The performance of the whole pipeline was finally evaluated using the data of 100 unseen patients from different hospitals. In 10 patients, the pipeline correctly identified no short-axis stacks. In the remaining 90 patients, the ML classifier correctly identified the short-axis stacks in all patients. In 10 of these patients, the cropping failed, and segmentation was not performed. In the remaining 80 patients, the UNet 3+ performed well, as seen in Fig. 3. The average time to fully process one patient is 45 seconds (including the creation of GIFs for quality assurance).Conclusion
In conclusion, we have created an end-to-end machine learning pipeline that automatically takes CMR scans straight from a registry to extract short-axis cine images, performs cropping and accurately segments the ventricles.
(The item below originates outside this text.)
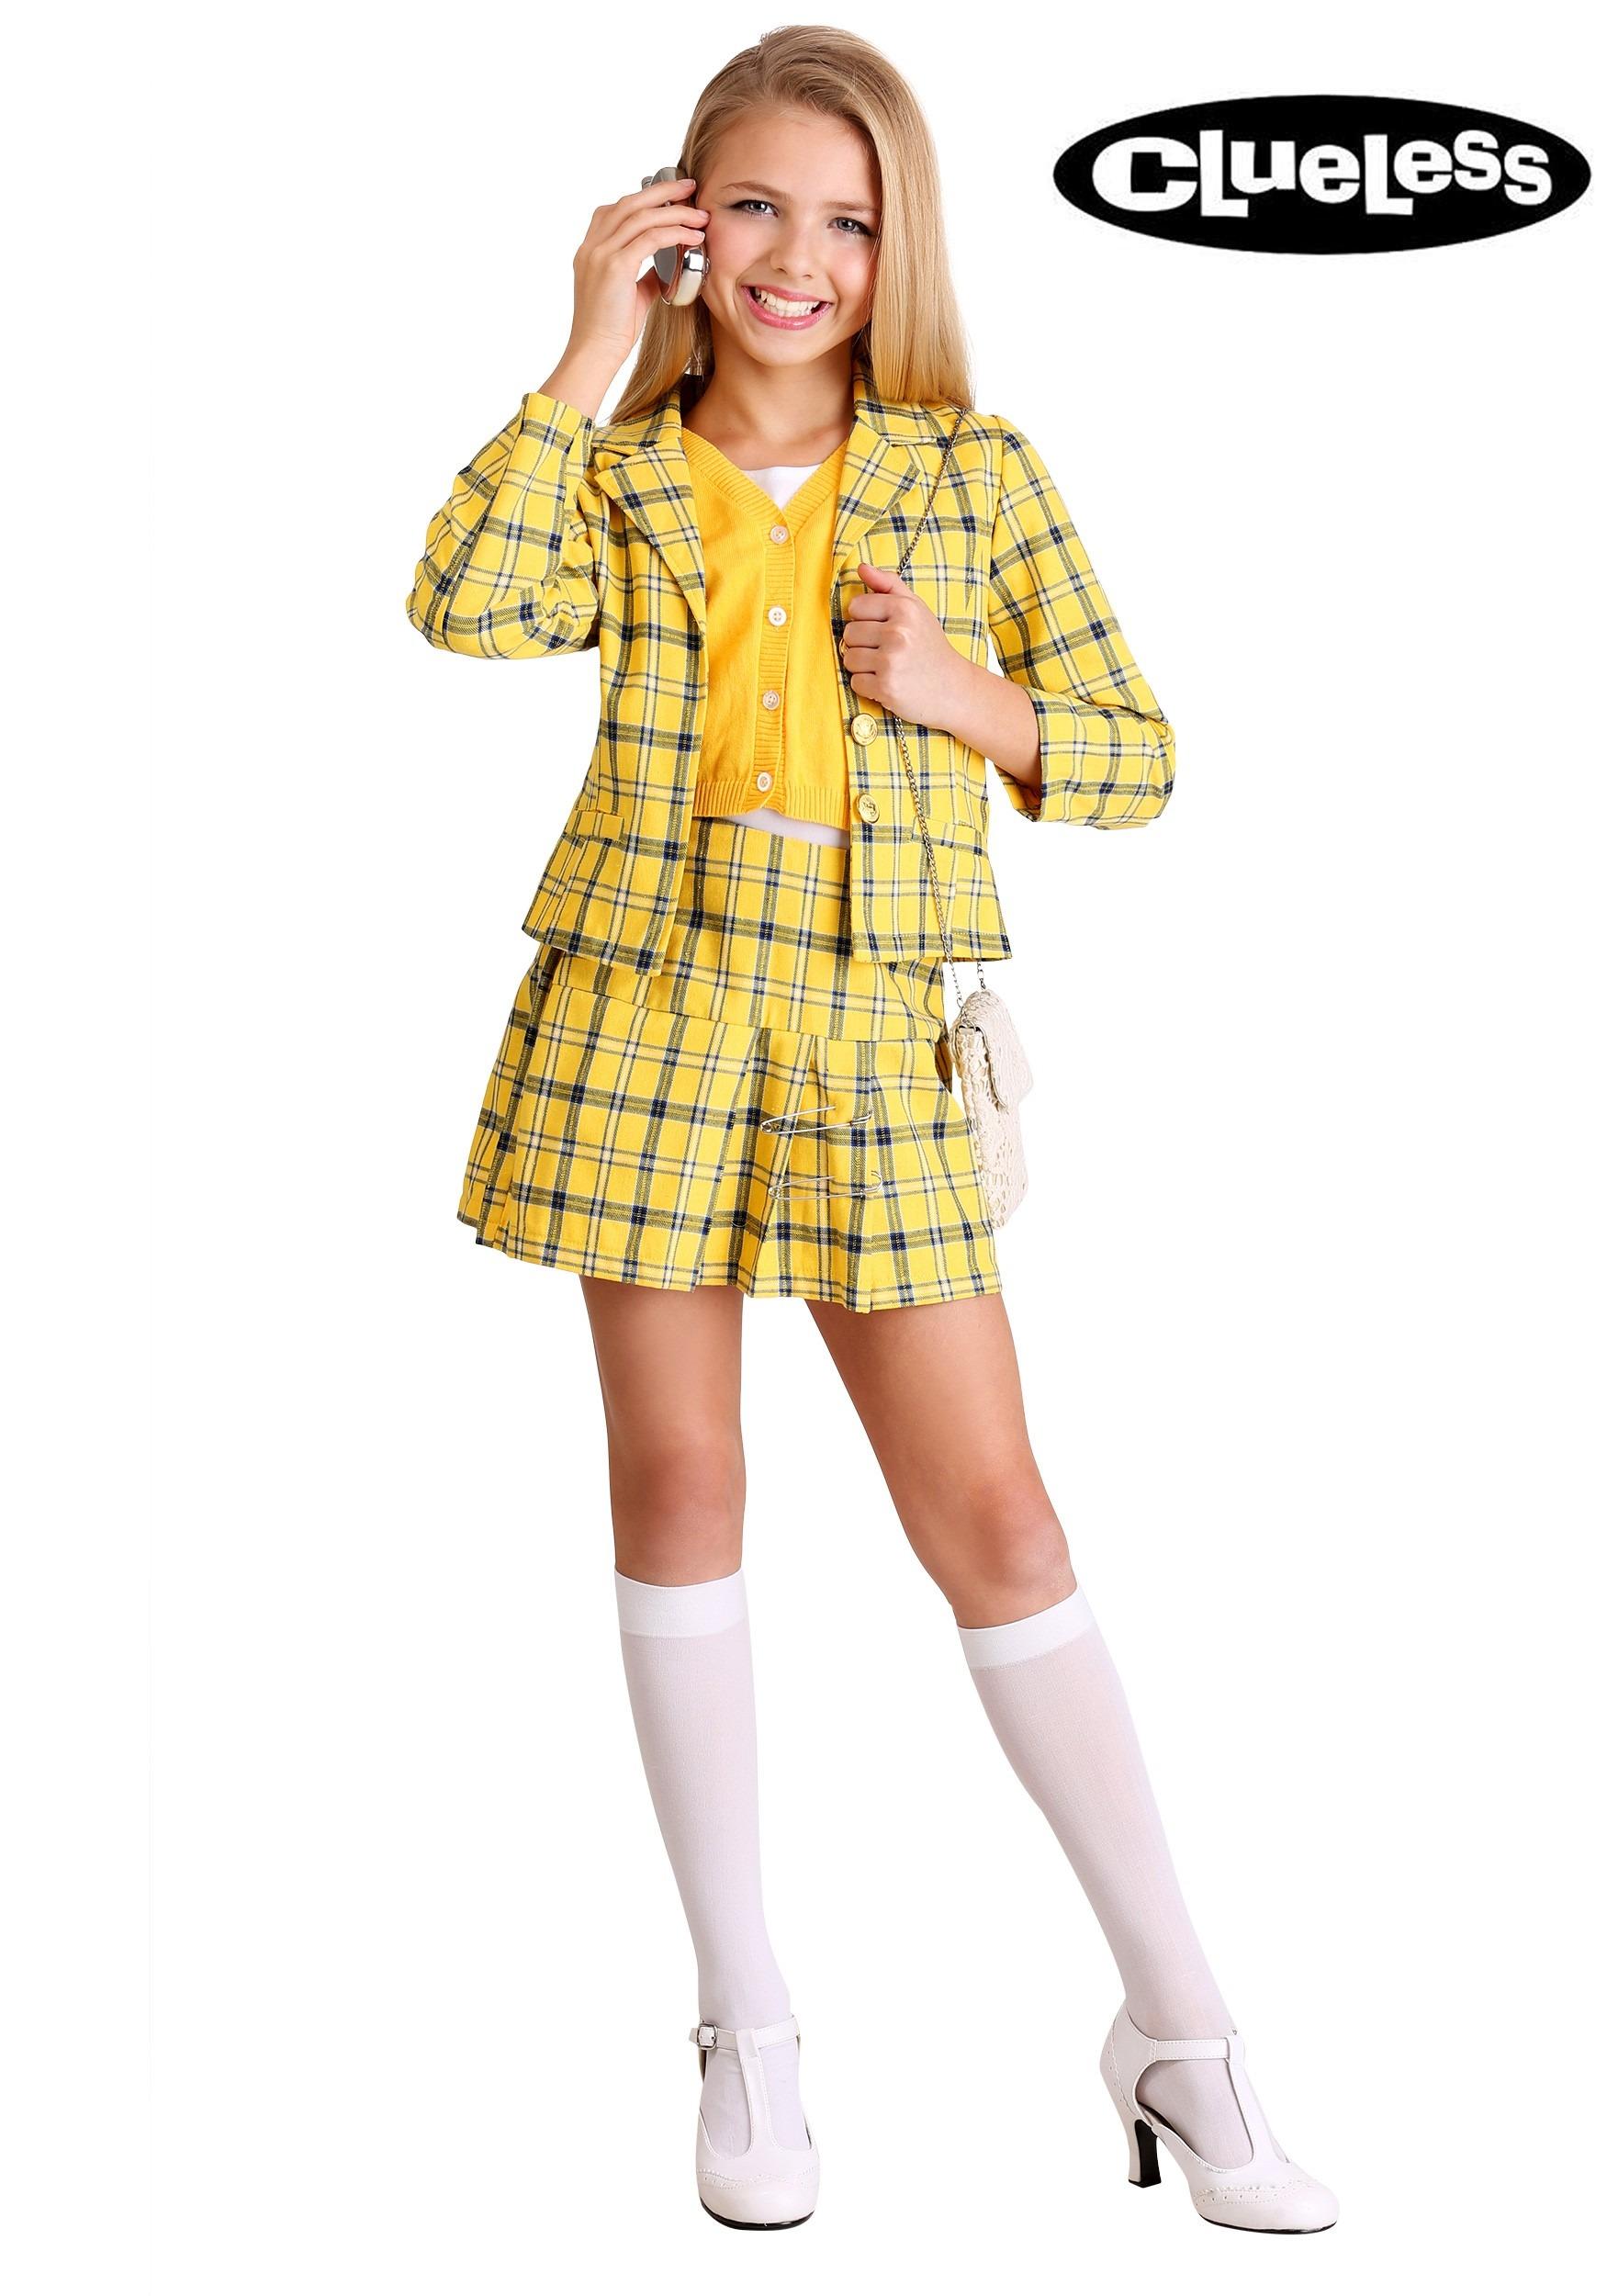 Clueless Cher Girl S Costume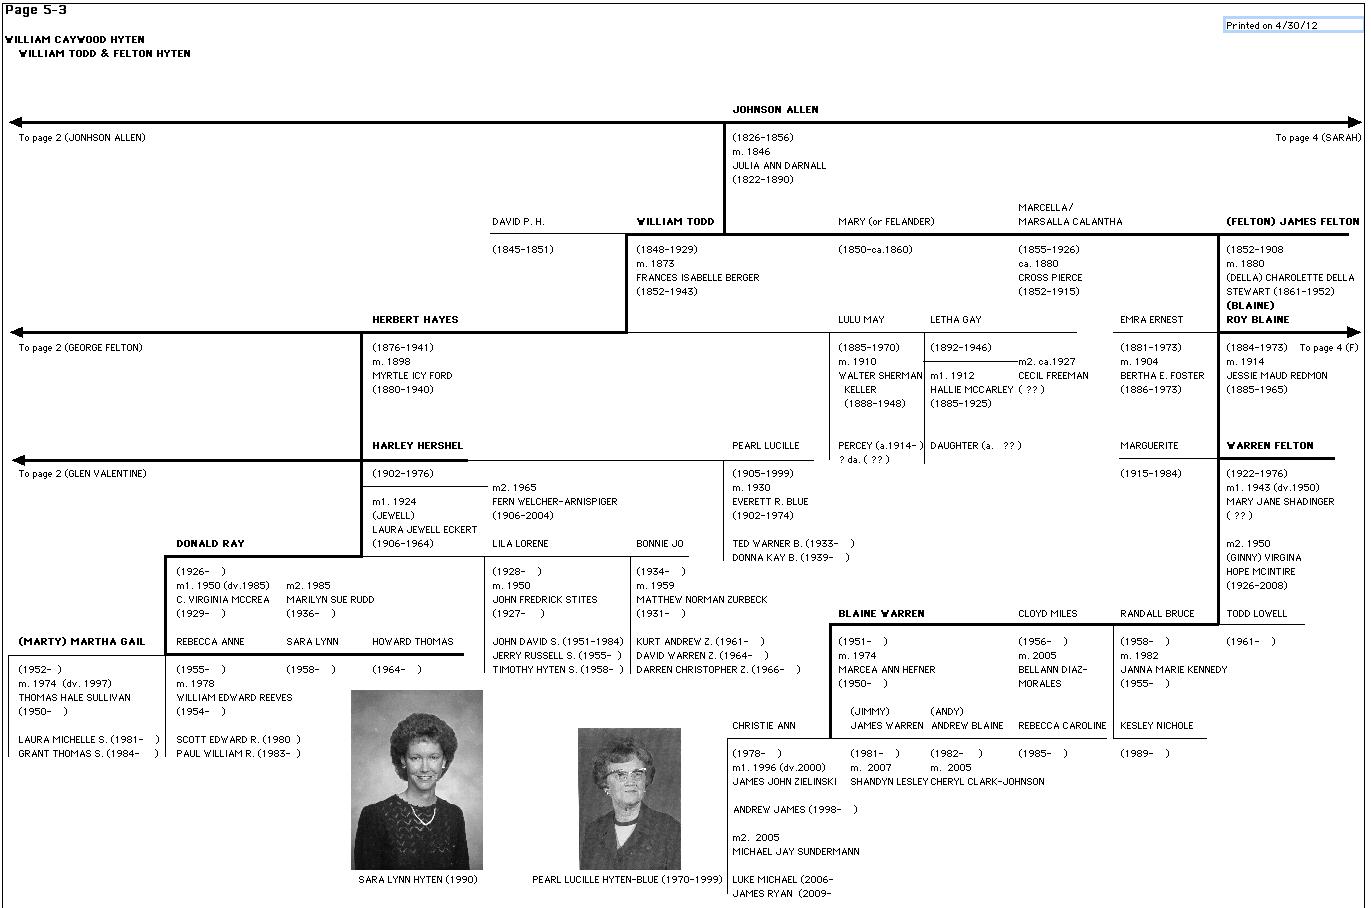 President Zachary Taylor Family Tree Hyten-hiten family treesZachary Taylor Family Tree

This is a challenging problem due to both the heterogeneity of the data from multiple sites and the highly variable anatomy. Nevertheless, we demonstrated that both the ML classifier and segmentation networks worked very well.
The cropping did have a moderate failure rate and does require some further development. Nevertheless, we have shown that it is possible to create a full data pipeline for the FORCE registry that could provide core lab segmentation without any user input. This means that all the patients in the FORCE registry can be segmented over 2700, with only a small portion (208 patients) needing manual segmentation. The pipeline's robustness means new hospitals' scans can automatically be segmented as new patients are recruited.Acknowledgements
The authors would like to thank Additional Ventures and the FORCE registry for providing the cardiac MRI images for research. TY acknowledges support from the UKRI Centre for Doctoral Training in AI-enabled Healthcare studentship (EP/S021612/1).
References
1. Fontan: Force study Fontan outcomes registry using CMR examinations. https://www.forceregistry.org. (Accessed: November 9, 2022).
2. Ren, S. et al. Faster R-CNN: Towards real-time object detection with region proposal networks. 2017. IEEE Transactions on Pattern Analysis and Machine Intelligence, 39(6), pp. 1137–1149.
3. Huang, H. et al. UNet 3+: A full-scale connected UNet for medical image segmentation, 2020. IEEE International Conference on Acoustics, Speech and Signal Processing (ICASSP).